Faisalabad (AsiaNews) – Human and civil rights groups as well as opposition parties have slammed the government for turning local elections into a meaningless exercise. The government, they contend, favoured "its own candidates" and manipulated voters so as "to ensure that these institutions remain under the influence of the ruling party and its allies".

"The elections were not only massively rigged, both before and on the day of the ballot, but also served a serious blow to the concept of multi-party and pluralist democracy," said Asma Jahangir, chairperson of the Human Rights Commission of Pakistan (HRCP).

The Commission released a statement last Friday critical of the government's decision to hold local elections on a non-party basis—this has proven to be incompatible with democratic norms and only promoted and encouraged corruption.

Ms Jahangir said the Commission received a number of complaints concerning riding boundaries that favoured the ruling coalition, especially in Sindh province.

The HRCP chairperson also charged the Election Commission of Pakistan (ECP) with failing to discharge its duties. The ECP's failure shows once more that the country needed an independent commission to fulfill its tasks, she said.

"As things stand, no one can be sure of a free and fair general election in 2007. All parties, including the government, must realise the current elections are nothing but a meaningless exercise," the HRCP chief concluded.

Shahbaz Bhatti, chairman of the All Pakistan Minorities Alliance (APMA), told AsiaNews that the a single electoral system—which was rejected in this election once again— "would be a source of social harmony and would bring people of different faiths closer together".

Local councils, whose members were elected by voters registered in separate confessional voter lists, were dissolved on June 30 by the ECP. APMA had called for a single voter list to replace the current confessional system, but its request fell again on deaf ears.

Mr Bhatti criticised the government for reserving six seats—four male and two female—to Muslims in each 13-member council "because a 97 per cent majority doesn't need any kind of reserved seats."
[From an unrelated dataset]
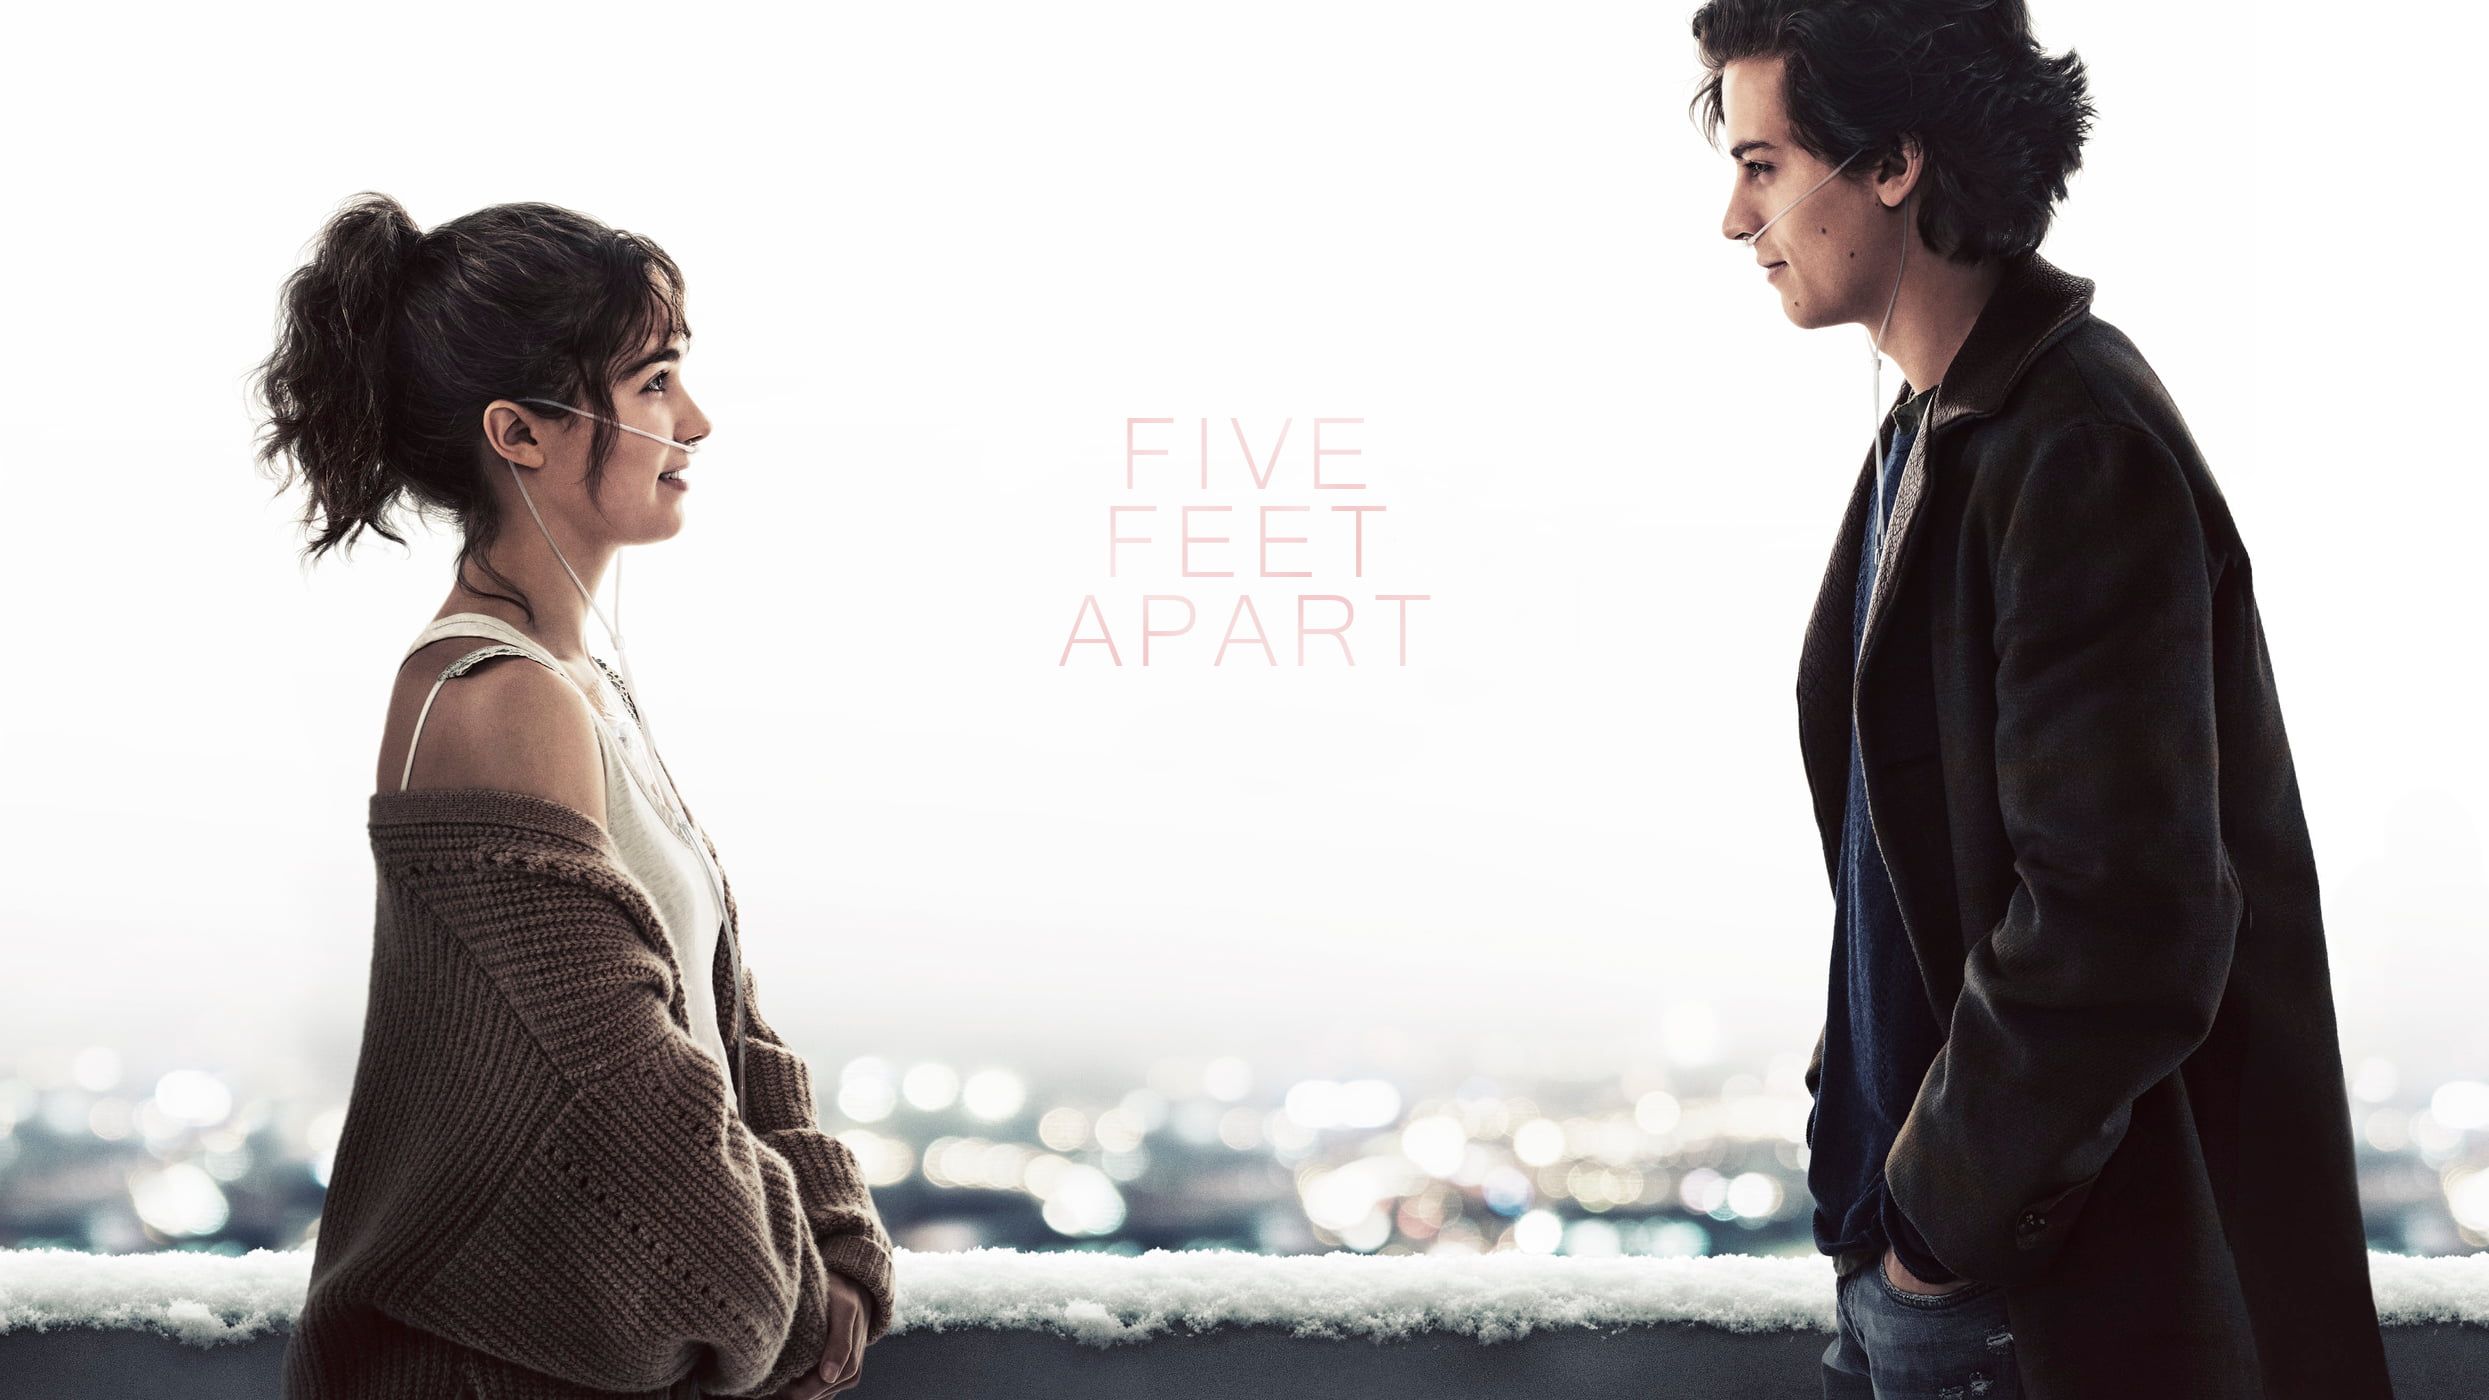 Cole Sprouse Haley Lu Richardson Five Feet Apart Stella Grant Will Newman #profile #couple #rooftops depth of field city li. Cole sprouse, Human silhouette, Apart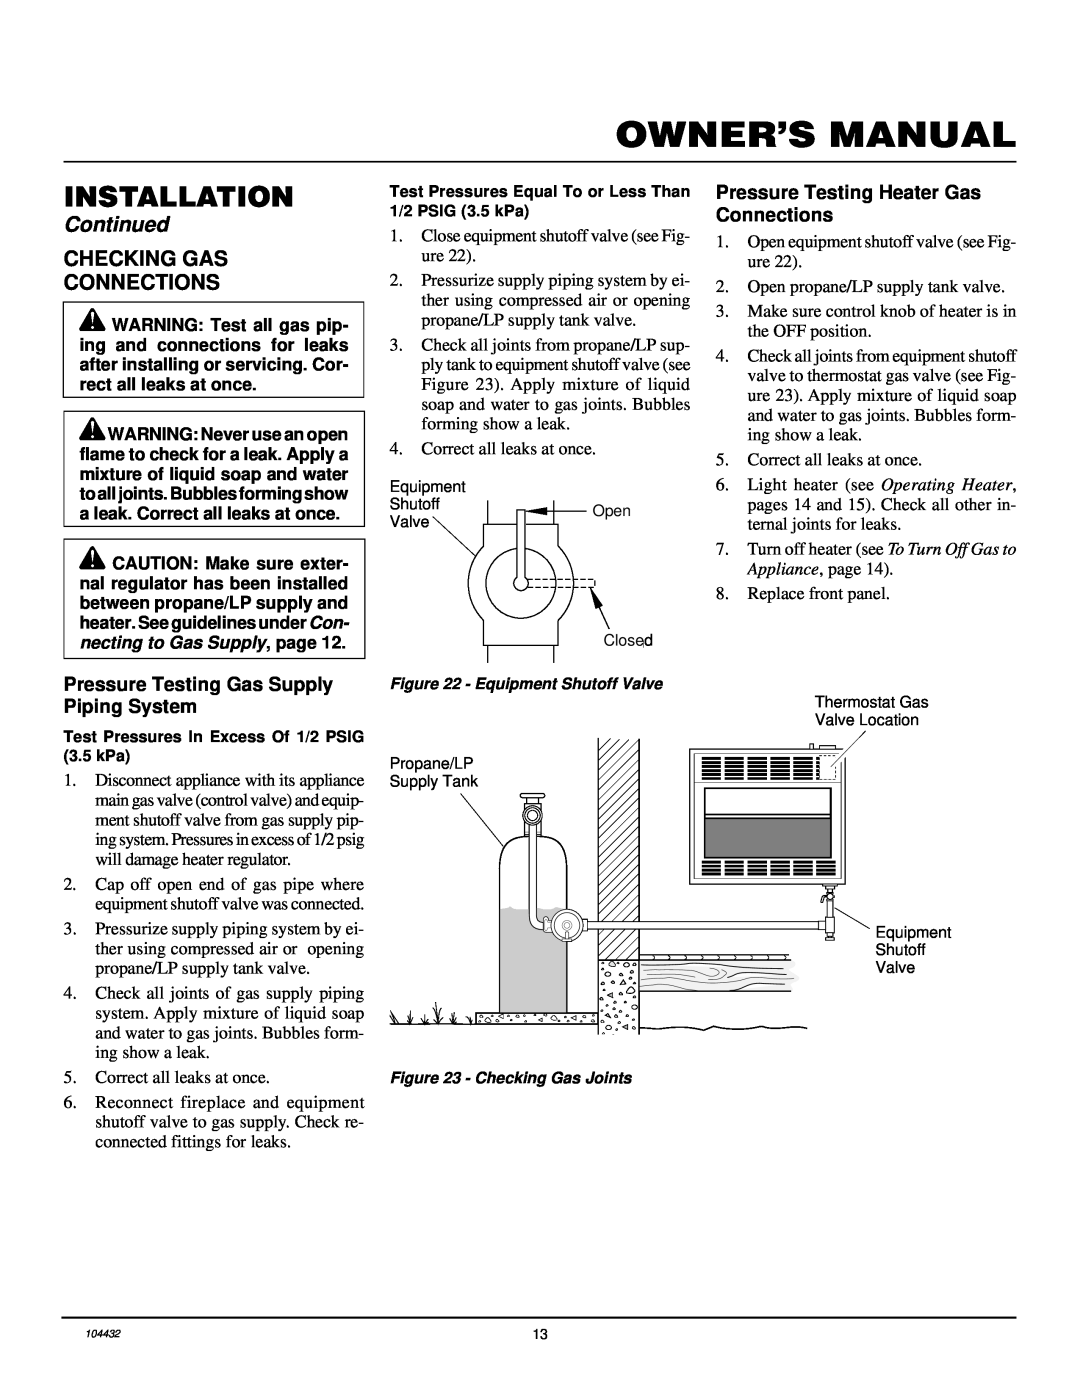 Vanguard Heating VMH3000TP Owner’S Manual, Installation, Continued, Pressure Testing Gas Supply Piping System

The Pattan Development Organisation (PDO), a NGO that monitored the elections, also came out against the government for the "chaos, disruption and total mismanagement [. . .] witnessed in the recently concluded two phases of local government elections during which over 50 people lost their lives."

According to the PDO, as many as 1,019 out of 4,094 people interviewed at 102 polling stations said they were pressured inside the polling stations to vote for certain candidates.

It warns that it is "very likely" that this will happen during the third phase of the elections scheduled for September 29.

Pakistan has a population of 148 million people, 97 per cent Muslim. Christians are about 2.5 per cent with more than one million Catholics.